Fiesta, Blenheim Orange, Cox’s Orange Pippin, Rosemary Russet, Spartan, Kidd’s Orange Red, Egremont Russet, Suntan, Ribston Pippin, Orlean’s Reinette, Jester, Cornish Gillyflower, Pitmaston Pine Apple, William Crump, Claygate Permain, Lord Hindlip, Jupiter, Tydeman’s Late Orange, Falstaff, Gloster 69, Gala, Chiver’s Delight, Brownlees’ Russet, Catshead,Malling Kent, Tentation, Granny Smith, Court Pendu Plat

コックスだけとかラセットのみの単品種ストレートのりんごジュースを飲むとりんごジュース観がかわります。りんごそのものの味と風味が鼻と口蓋から沁み渡る。値段が張るのは1リットルの果汁を搾り取るのに使われるりんごの数を考えると致し方あるまい。ジュースたちはおんぼろ納屋の一角で古色蒼然とした圧搾機で文字通り押し絞られ、酸化防止剤なんて入っていないから数日で色が変わります。牛乳のカートンみたいな冴えないプラスチックボトル入りで大量消費ルートには乗らない商品。色つきのガラスボトルに入れてお洒落ななラベルを貼り、高級ブランド化またはヘルシーブランド路線を確立し、オンラインショップや高級グローサリーショップで売る商売もありでしょうが、地道にローカルのファーマーズマーケットなどに出店している正統派ぶりに好感をおぼえます。とはいえ、実際のところは資金と人的資源の不足が理由なんででょうね。
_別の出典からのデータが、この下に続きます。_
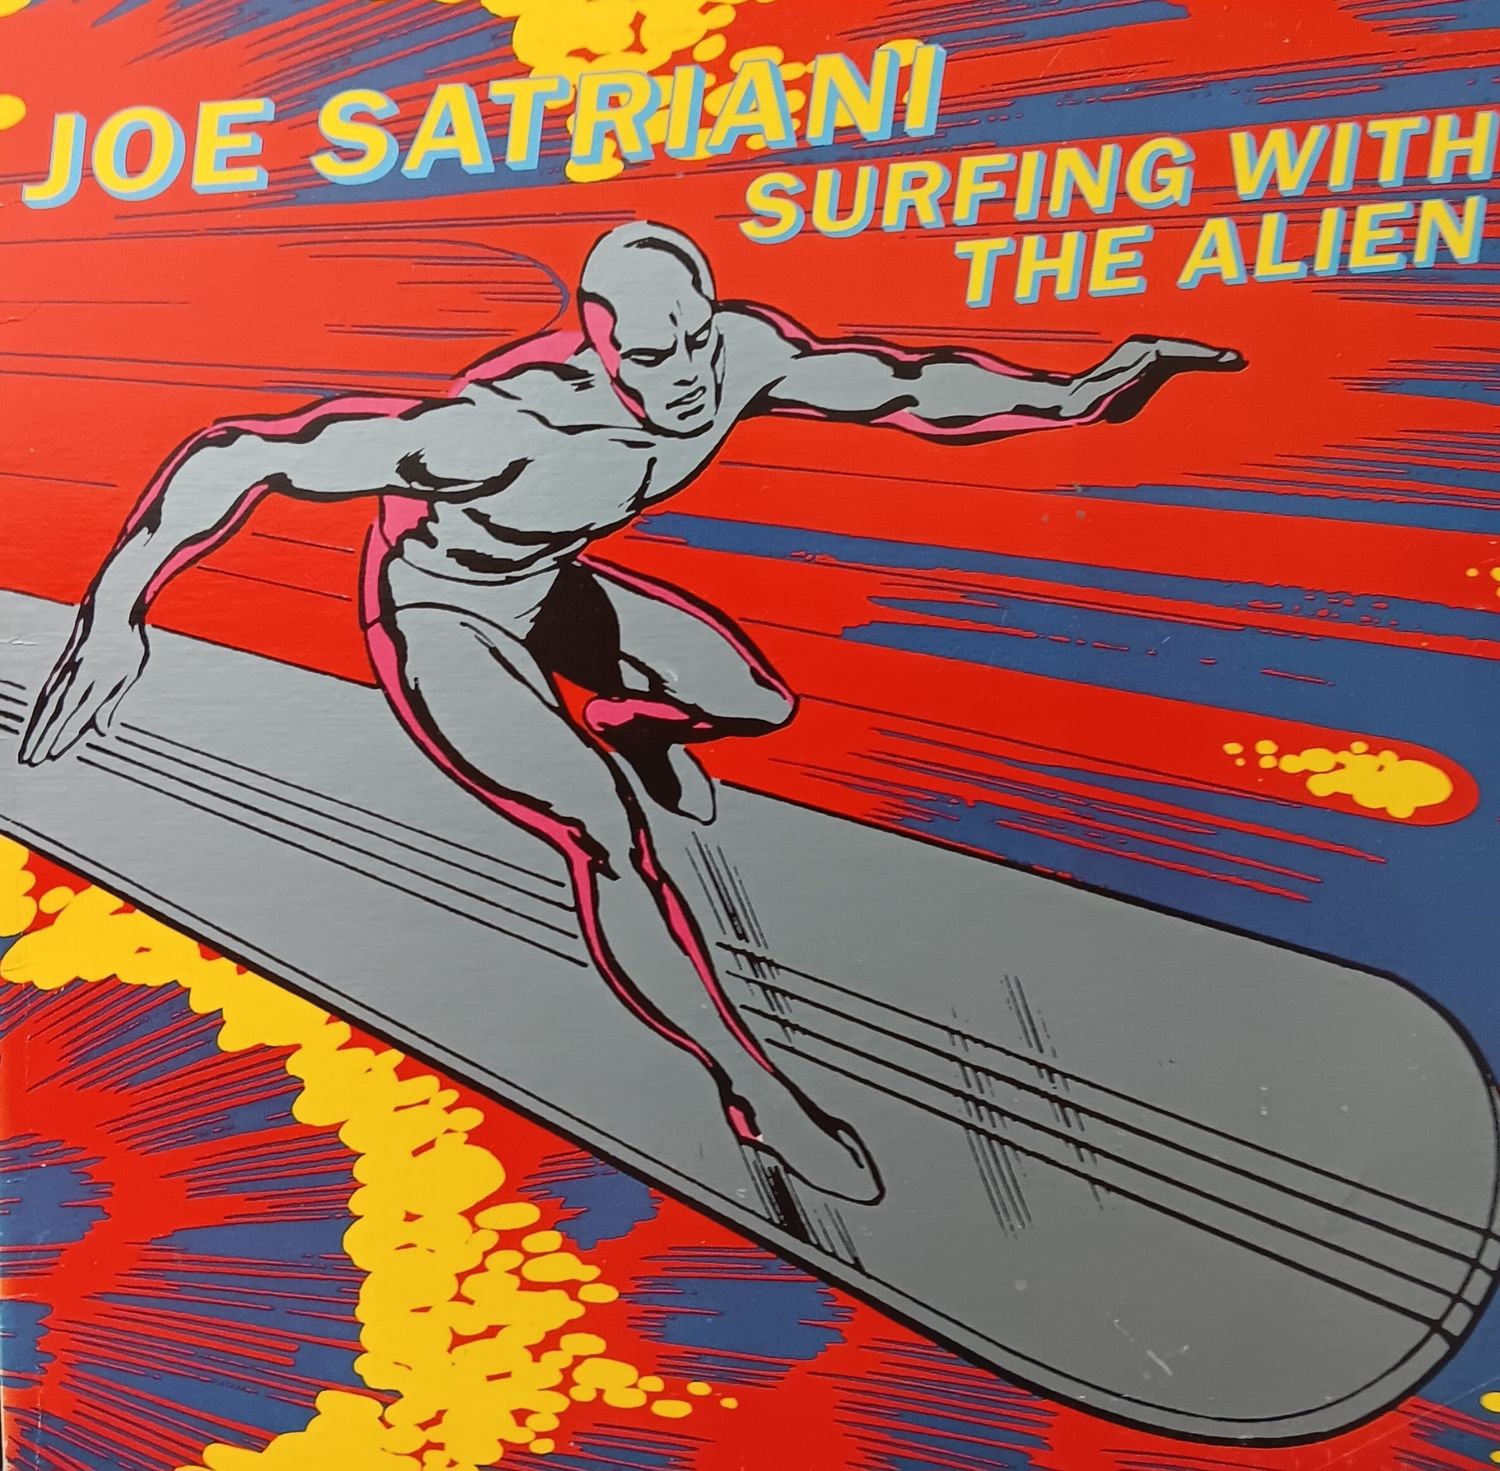 JOE SATRIANI - Surfing with the alien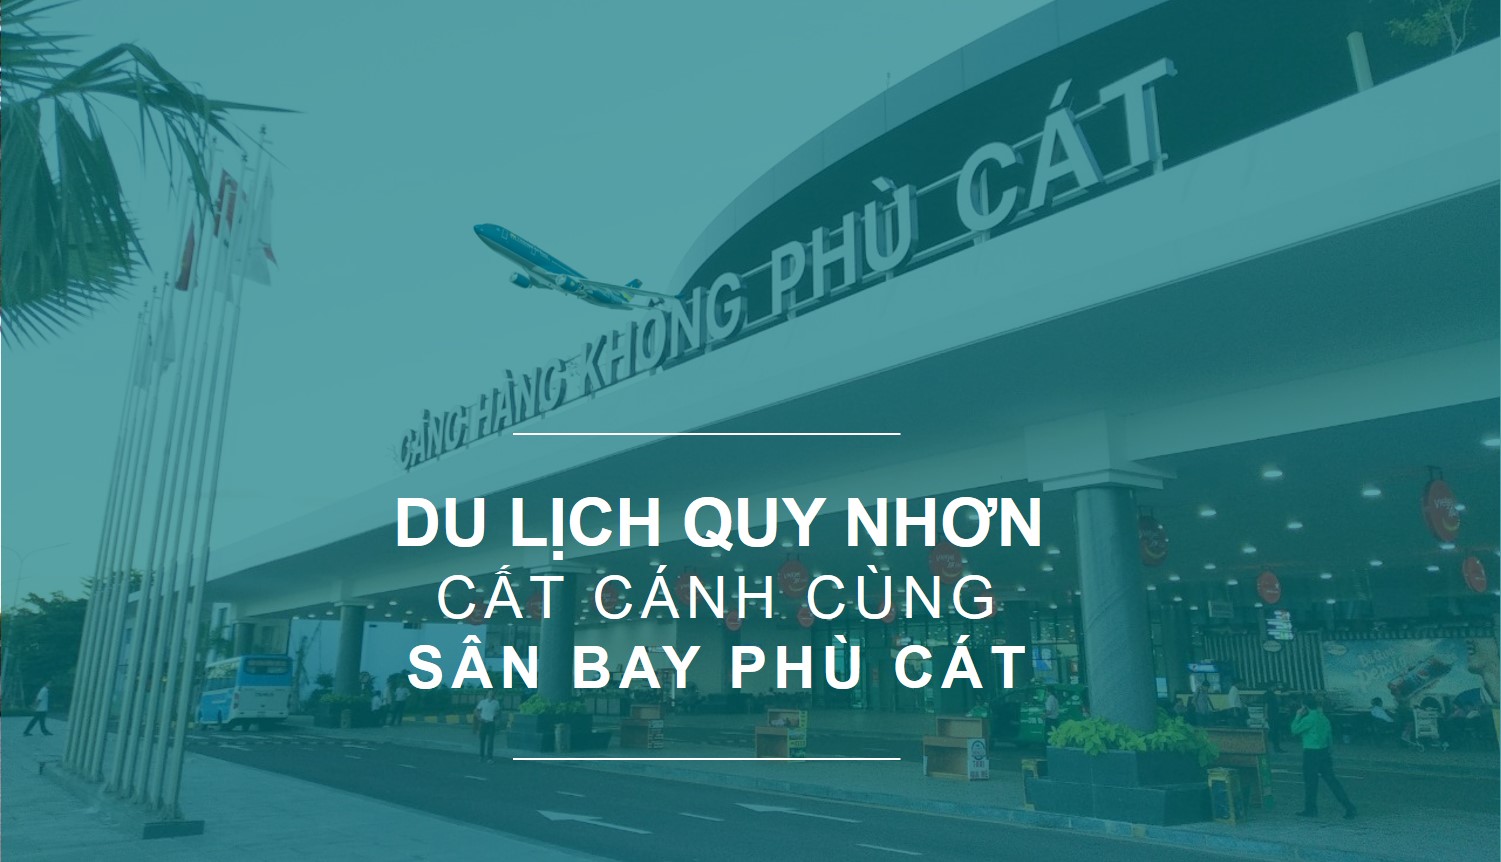 Du lịch Quy Nhơn cất cánh cùng sân bay Phù Cát

外国産の流入のおかげで、イギリスのりんご農家の数は減る一方。ヨーロッパの他の国(特にフランス)は労働費が安いわけではないけれ、過剰生産で価格が下落した場合は農家に助成金がでるなど農業保護政策の恩恵を受けているらしい。りんご作りのメッカであるケントの大規模農園に比べると、近所の果樹園は収益率が低そうだけど、ぜひがんばってほしいものです。

IMG_4212おかげでりんごを使ったお菓子のレシピがかなり集まり、こういうグッズも常備。一番上のりんごのセミヌード写真はこの皮むき機によるもので、残念ながらわたしの達人的包丁さばきの結果ではありません。

2 コメント

  1. 「いろんなものが流れてくる人々にくっついてやってくる」ってフレーズ、いいなあ。

    りんごといえば、昔スーパーで青りんごとプラムと白ワインを買って、
    ハムステッド・ヒースで寝っころがりながら、齧っていたのを思い出しました。

    果樹園のある暮らし、確かにロンドンにはないですね~、
    青りんごが好きだったなあ、林檎というと赤のイメージなもので、
    青りんごを食べるのがなんだか嬉しかった記憶があります。

    りんごの皮むき機、便利だ!デザインもオシャレ!
    オシャレといったら、一枚目の写真もオシャレですね~。
    広告にも使えちゃいそう。

    そうそう、美しい日本語といえば、中勘助の『銀の匙』が好きです。

    • 森のくまさん

      ハムステッドでピクニックはいいですねー。イギリスのりんごは小ぶりだから丸かじりしやすいので公園向き。
      銀の匙はほんとうによさそうですね。試し読みしたら漱石の草枕を思い出しました。アマゾンでまとめてオーダーしようと思うので、何冊かおすすめをよろしく!